Obviously there’s a bunch of exceptions, including as you point out the federal option of going through a background check and paying 200$/grenade. But that’s only at the federal level it doesn’t necessarily meet state requirements.
The rules on those background checks are as capricious as banning people who were dishonorably discharged from the military.
Sure but drivers licenses exist when no similar requirements existed for horse drawn buggies because the clear increase in relative danger to the public. When comparing newspapers with radio, the limited spectrum on radio was accepted as justification for more restricted speech etc.

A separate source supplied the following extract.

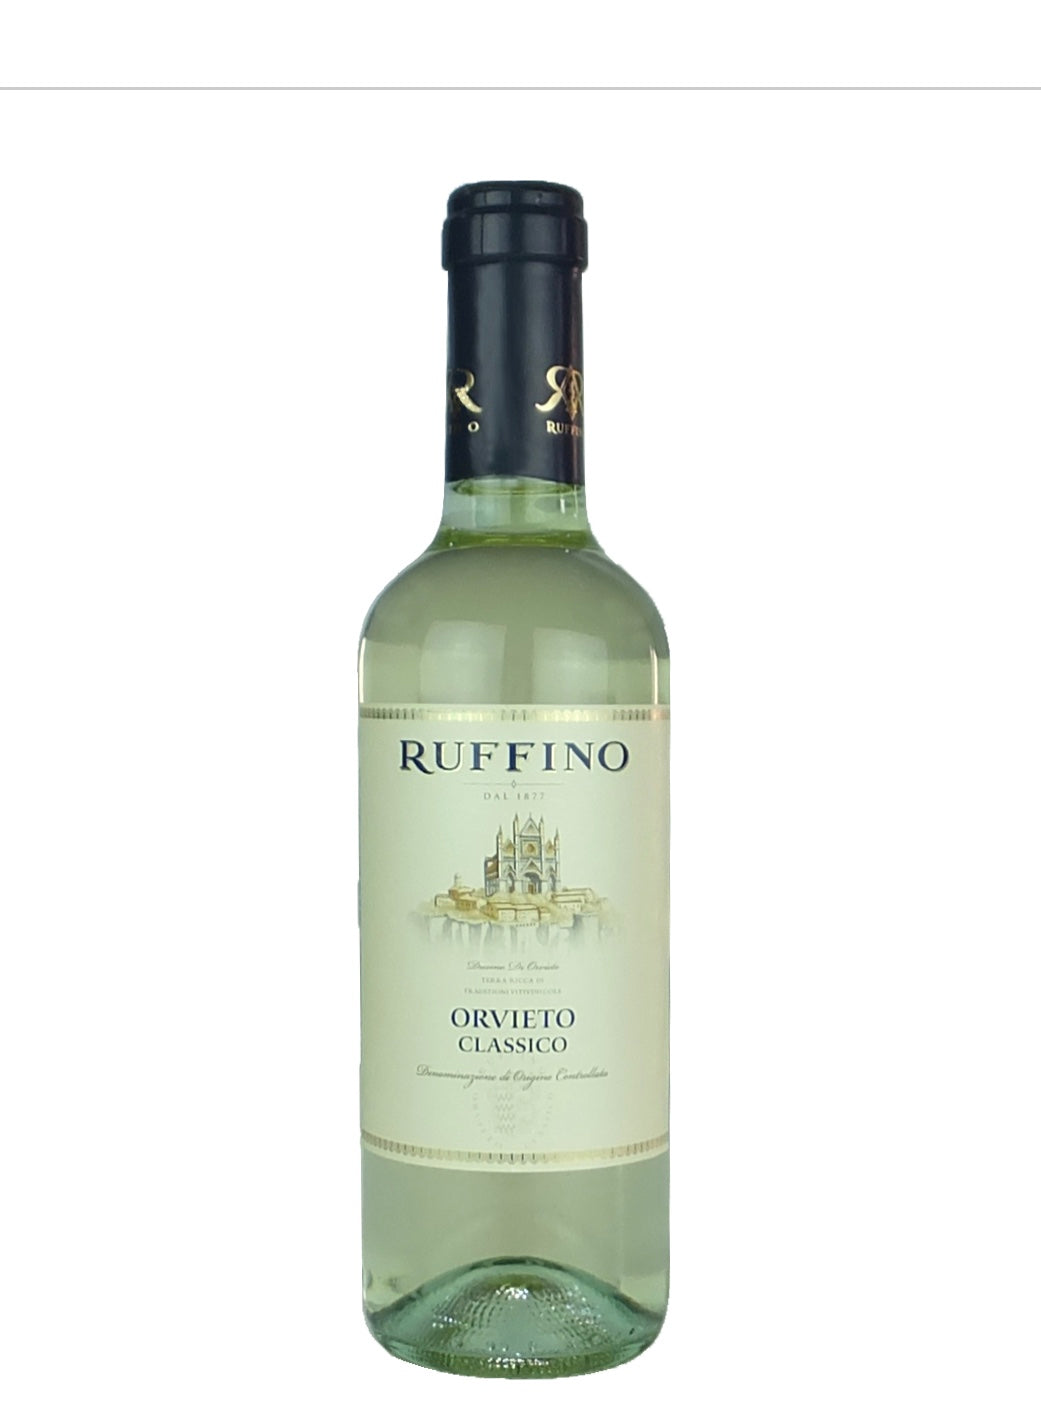 12 Orvieto DOC Classico, Ruffino, 37.5cl (2020), DELIVERED WITHIN TWO WEEKS

Really citing when the court ruled one way vs another is less important than recognizing which kinds of arguments tend to resonate with the court as in the end specific cases are arbitrary decisions influenced by the specifics of the case.
“Repeating” here ignores the actual rate of fire of a Kalthoff or the even worse Cookson design. Especially when you consider how slow reloading is vs modern firearms.
How many lives would have been saved at the Las Vegas massacre if Paddock has been limited to these designs? I’d say 30 is a safe bet but that’s probably a low estimate.
State laws are another matter entirely, but even many states with stringent gun laws don't ban DDs specifically (probably because many lawmakers are not aware that such things are legal).
As for the background checks, I own over a dozen NFA-regulated items including a destructive device (a 40mm grenade launcher), and I can't say that the rules aren't really any more onerous than they are for regular firearms. This particular bit about "banning people who were dishonorably discharged from the military" applies equally to any firearm transfer under federal jurisdiction, for example (e.g. buying across state lines, or within states that mandate a federal check for anything). As I recall, the only thing that stood out in NFA forms compared to the regular stuff was the need to submit fingerprints. That aside, it was smooth sailing even back when I wasn't a citizen. So really the only barrier is affordability, and AFAIK this is exactly how the NFA was intended to work back when it was designed ($200 was about 4x the price of a full auto gun like Thompson back then, so it basically made them outlandishly expensive, only available to the rich).